Initializing aggregates can be
error-prone and tedious. C++ aggregate
initialization makes it much
safer. When you create an object that’s an aggregate, all you must do is
make an assignment, and the initialization will be taken care of by the
compiler. This assignment comes in several flavors,
depending on the type of aggregate you’re dealing with, but in all cases
the elements in the assignment must be surrounded by curly braces. For an array
of built-in types this is quite simple:
int a[5] = { 1, 2, 3, 4, 5 };
If you try to give more initializers
than there are array elements, the compiler gives an
error message. But what happens if you give fewer initializers? For
example:
int b[6] = {0};
Here, the compiler will use the first
initializer for the first array element, and then use zero for all the elements
without initializers.
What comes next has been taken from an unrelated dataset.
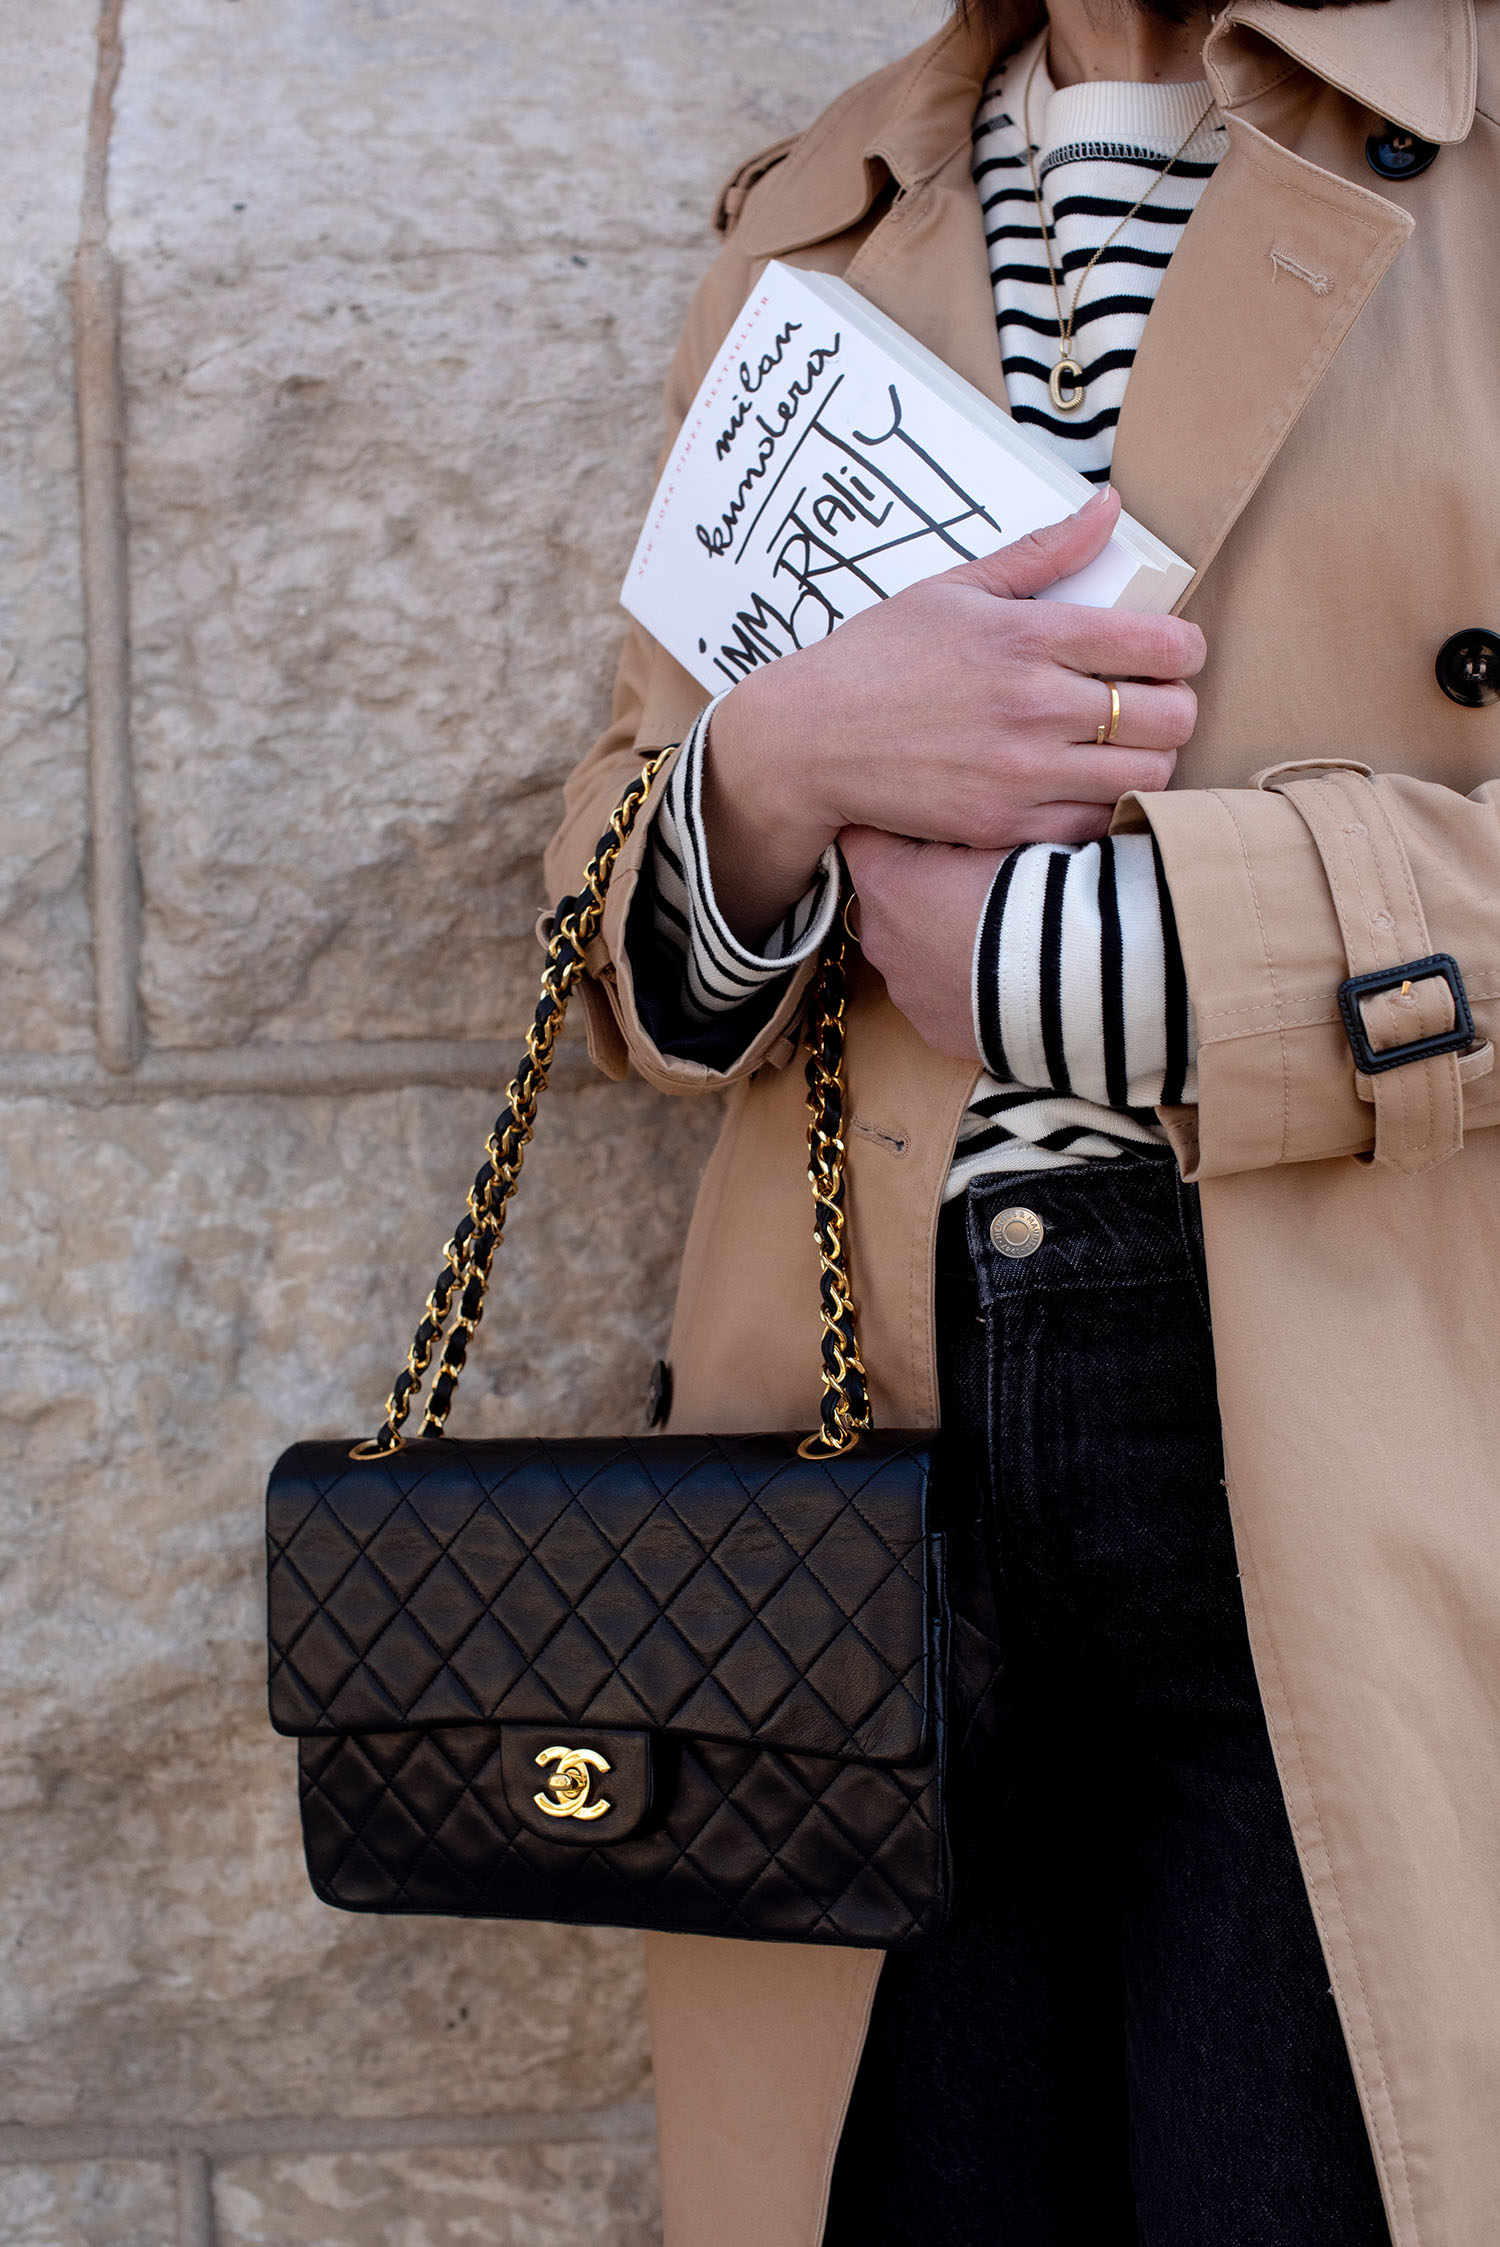 Coco & Vera - Chanel flap bag, Zara stripe top, Mejuri C necklace

Notice this initialization behavior doesn’t occur if
you define an array without a list of initializers. So the expression above is a
succinct way to initialize an array to
zero, without using a for loop, and without any
possibility of an off-by-one error
(Depending
on the compiler, it may also be more efficient than the for
loop.)
A second shorthand for arrays is
automatic
counting,
in which you let the compiler determine the size of the array based on the
number of initializers:
int c[] = { 1, 2, 3, 4 };
Now if you decide to add another element
to the array, you simply add another initializer. If you can set your code up so
it needs to be changed in only one spot, you reduce the chance of errors during
modification. But how do you determine the size of the array? The expression
sizeof c / sizeof *c (size of the entire array
divided by the size of the first element) does the trick in a way that
doesn’t need to be changed if the array size
changes[42]:
for(int i = 0; i < sizeof c / sizeof *c; i++)
c[i]++;
Because structures are also aggregates,
they can be initialized in a similar fashion. Because a C-style struct
has all of its members public, they can be assigned
directly:
struct X {
int i;
float f;
char c;
};
X x1 = { 1, 2.2, 'c' };
If
you have an array of such objects, you can initialize them by using a nested set
of curly braces for each object:
X x2[3] = { {1, 1.1, 'a'}, {2, 2.2, 'b'} };
Here, the third object is initialized to
zero.
If any of the data members are
private (which is typically the case for a well-designed class in C++),
or even if everything’s public but there’s a constructor,
things are different. In the examples above, the initializers are assigned
directly to the elements of the aggregate, but constructors are a way of forcing
initialization to occur through a formal interface. Here, the constructors must
be called to perform the initialization. So if you have a struct that
looks like this,
struct Y {
float f;
int i;
Y(int a);
};
You must indicate constructor calls. The
best approach is the explicit one as follows:
Y y1[] = { Y(1), Y(2), Y(3) };
You get three objects and three
constructor calls. Any time you have a constructor, whether it’s a
struct with all members public or a class with
private data members, all the initialization must go through the
constructor, even if you’re using aggregate
initialization.
Here’s a second example showing
multiple constructor arguments:
//: C06:Multiarg.cpp
// Multiple constructor arguments
// with aggregate initialization
#include <iostream>
using namespace std;
class Z {
int i, j;
public:
Z(int ii, int jj);
void print();
};
Z::Z(int ii, int jj) {
i = ii;
j = jj;
}
void Z::print() {
cout << "i = " << i << ", j = " << j << endl;
}
int main() {
Z zz[] = { Z(1,2), Z(3,4), Z(5,6), Z(7,8) };
for(int i = 0; i < sizeof zz / sizeof *zz; i++)
zz[i].print();
} ///:~
Notice that it looks like an explicit
constructor is called for each object in the
array.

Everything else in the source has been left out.